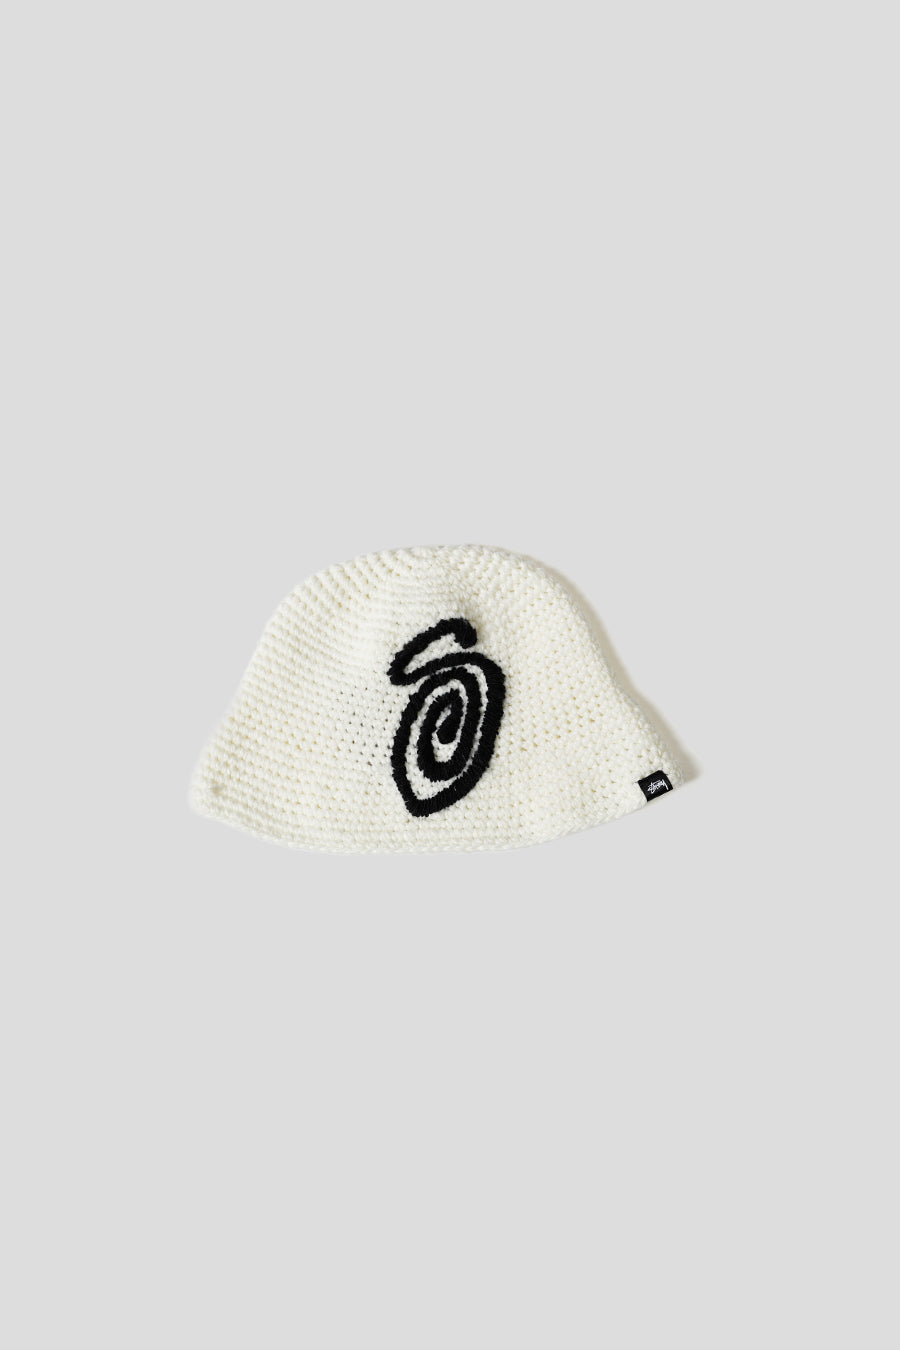 Stussy - BLACK AND WHITE SWIRLY S KNIT BUCKET HAT - LE LABO STORE
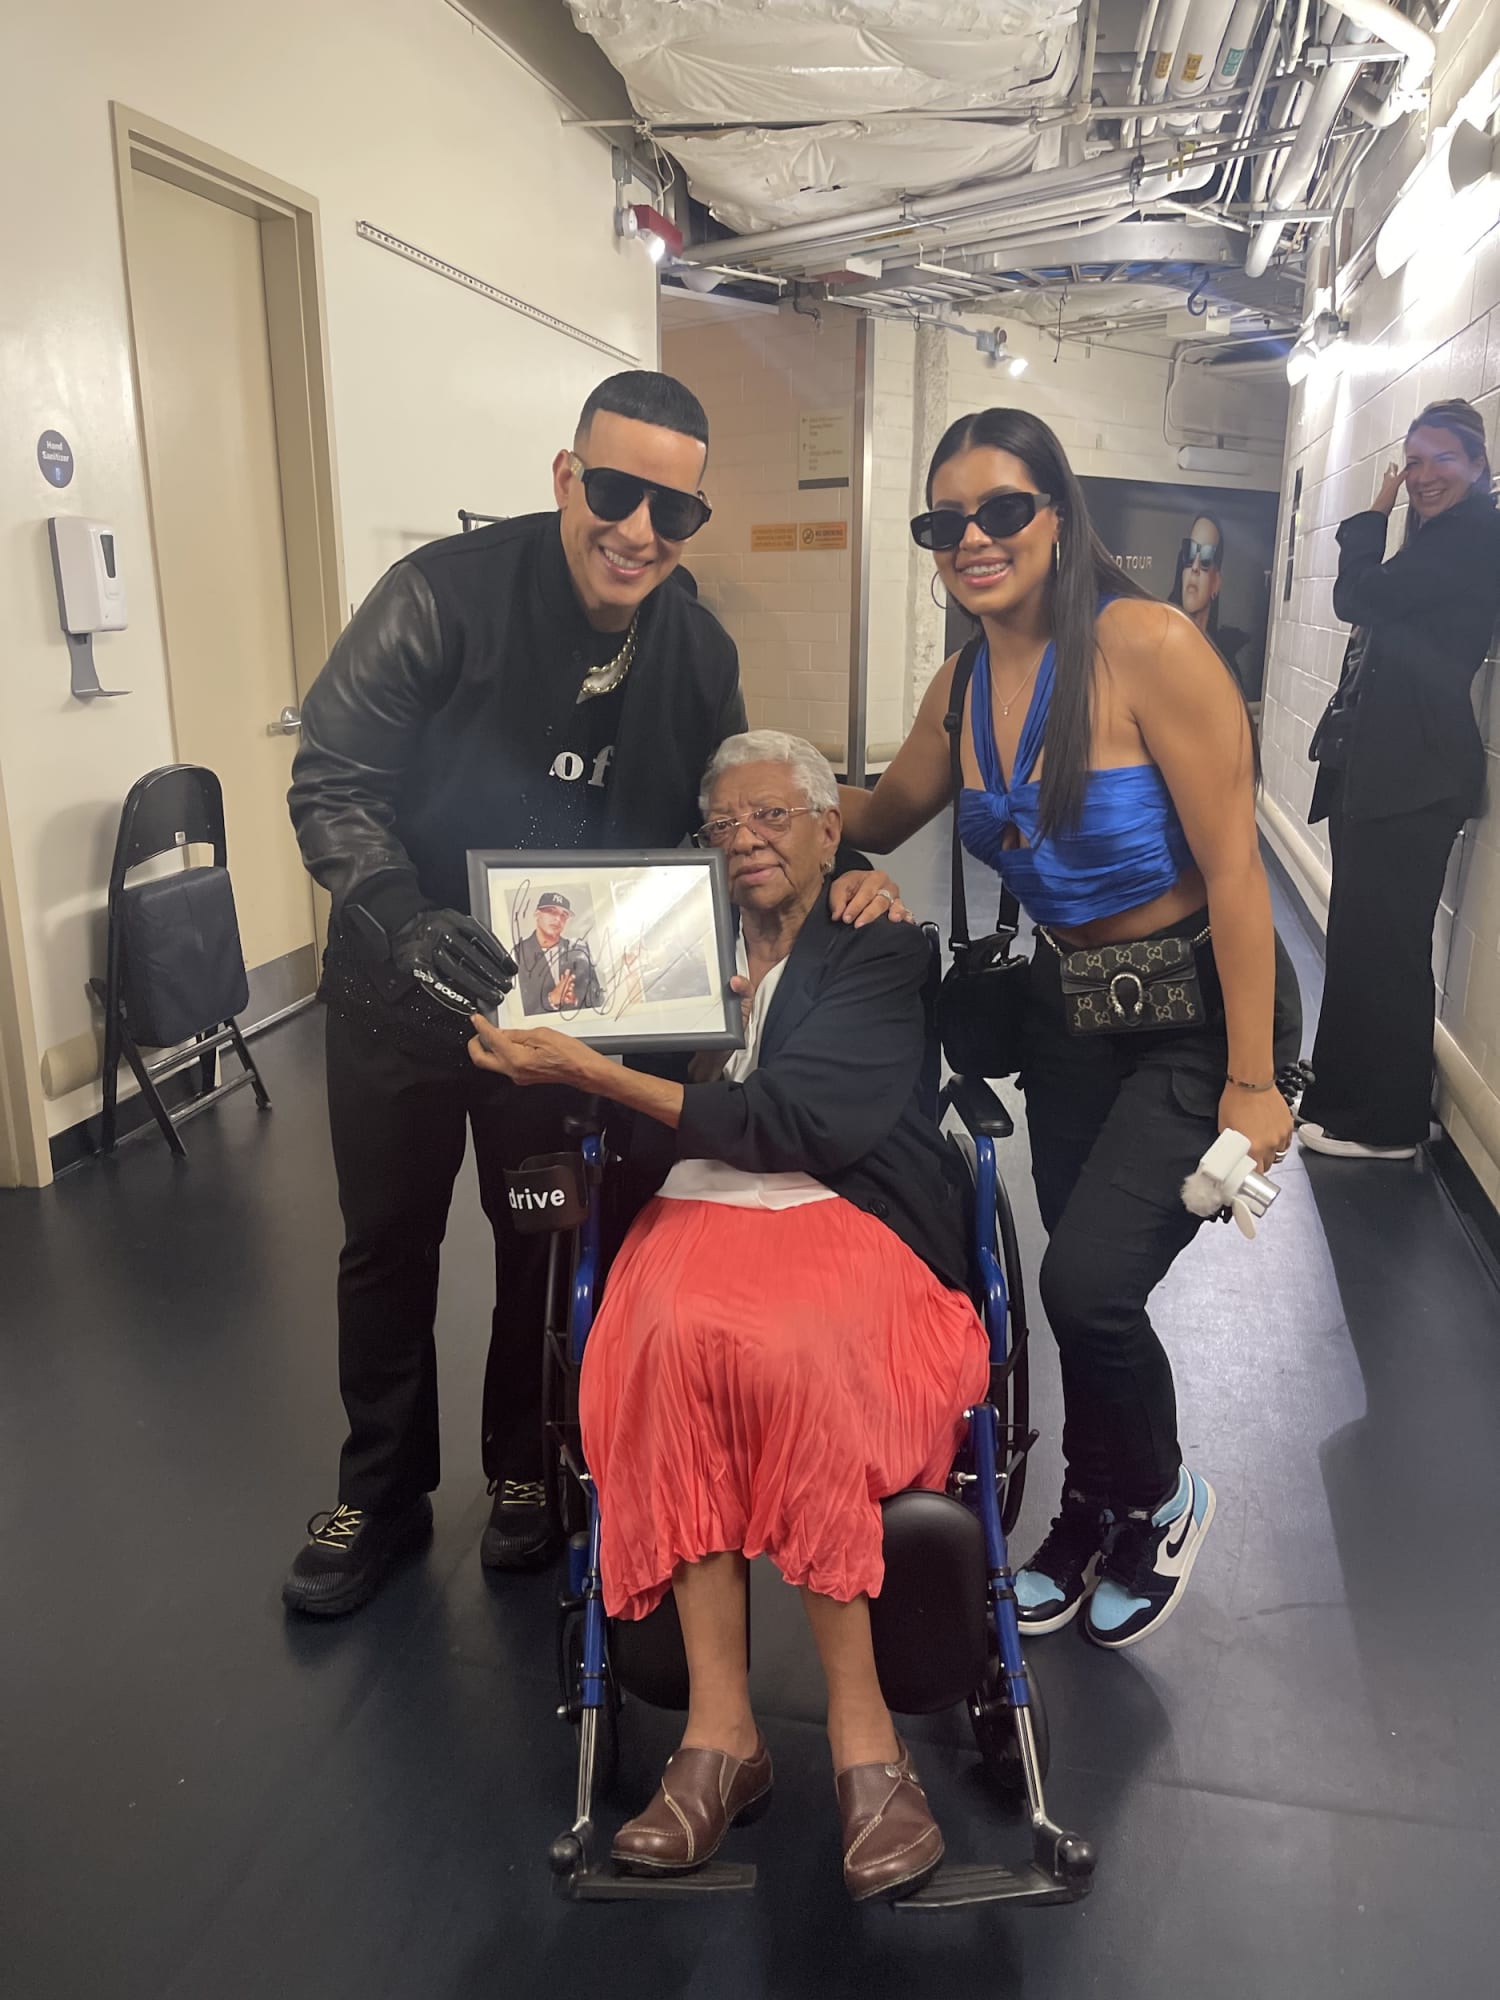 A 90-year-old Grandmas Wish to Meet Daddy Yankee Comes True
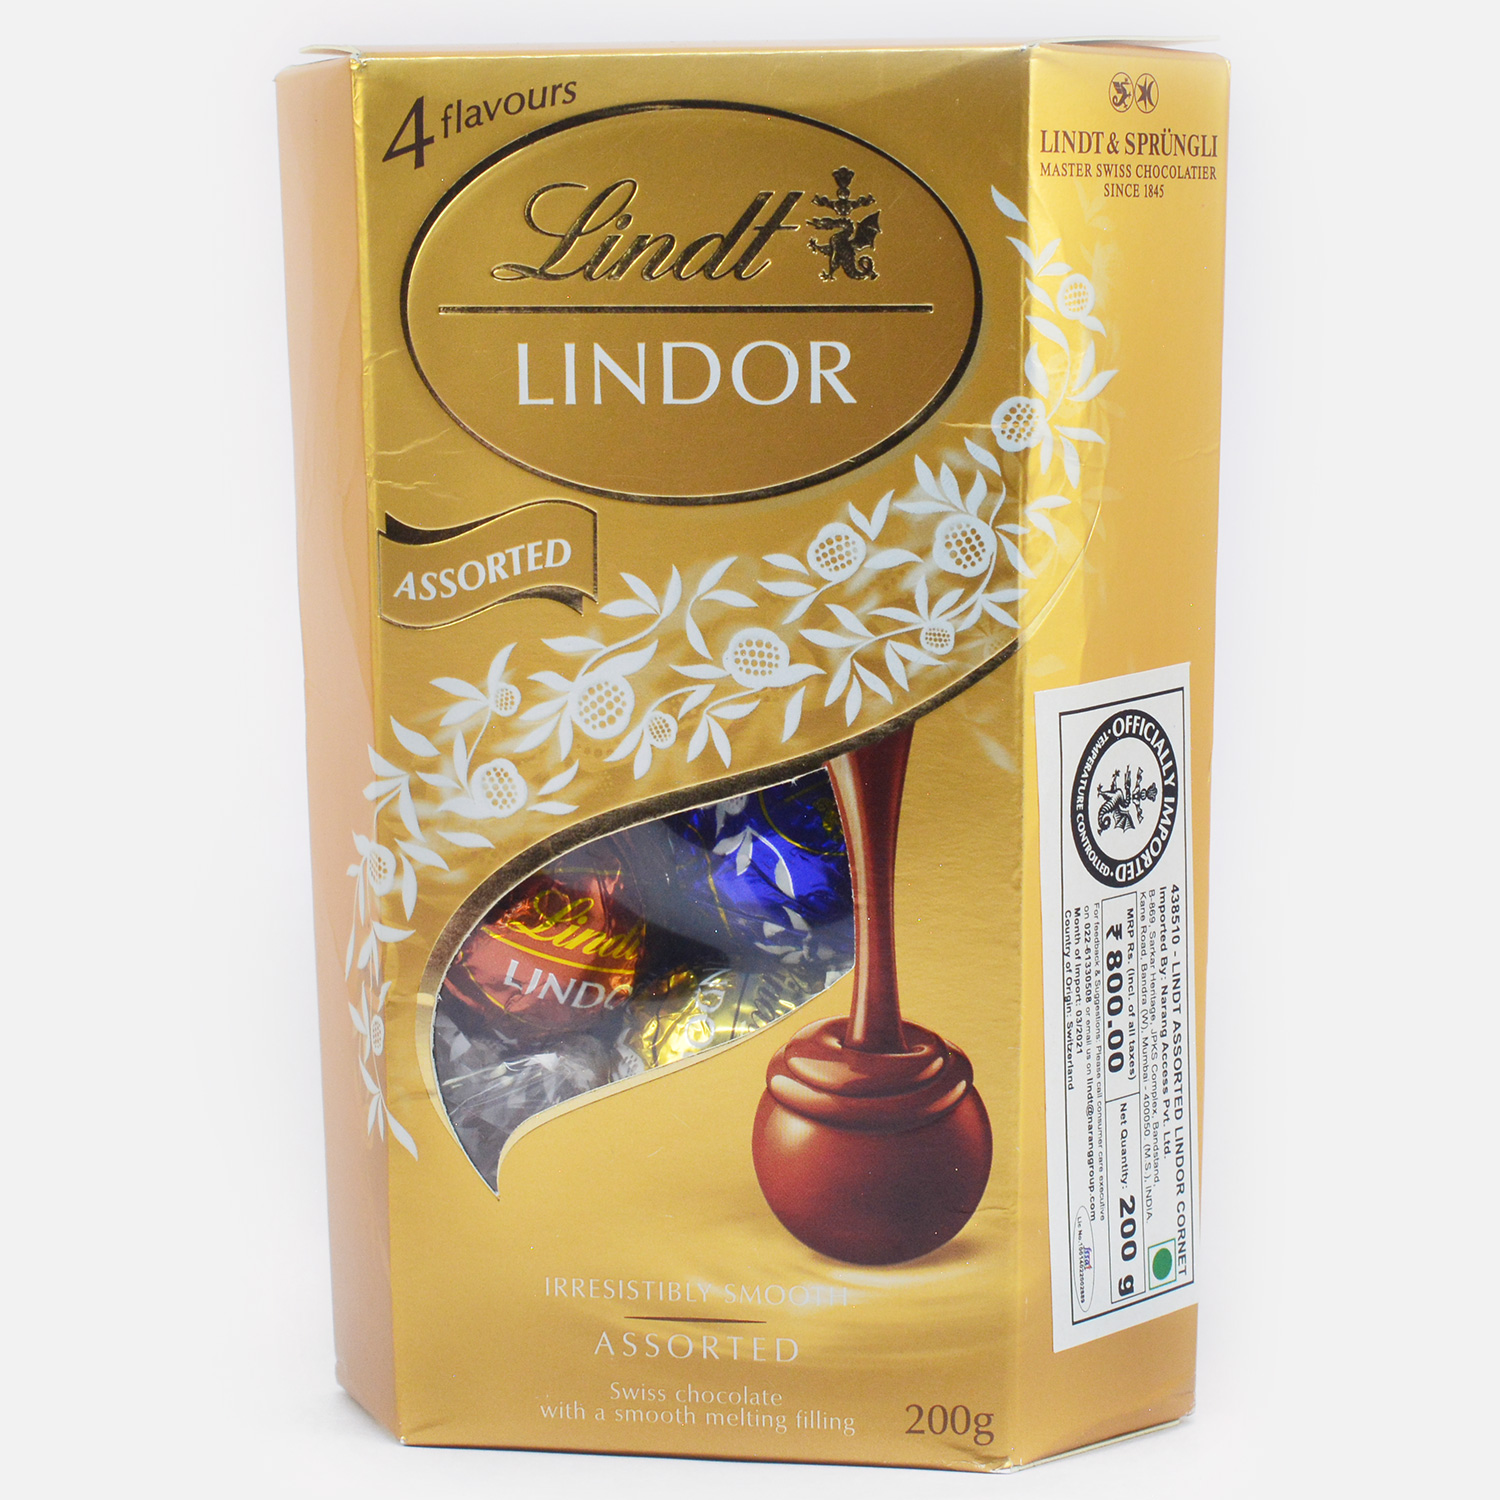 Lindt Lindor 200g 4 Flavours Chocolate

● What this task involves:
When you retype the material above, copy each line exactly and drop whatever images appear in it.

● Result below:
 Stussy - BLACK AND WHITE SWIRLY S KNIT BUCKET HAT - LE LABO STORE
 A 90-year-old Grandmas Wish to Meet Daddy Yankee Comes True
 Lindt Lindor 200g 4 Flavours Chocolate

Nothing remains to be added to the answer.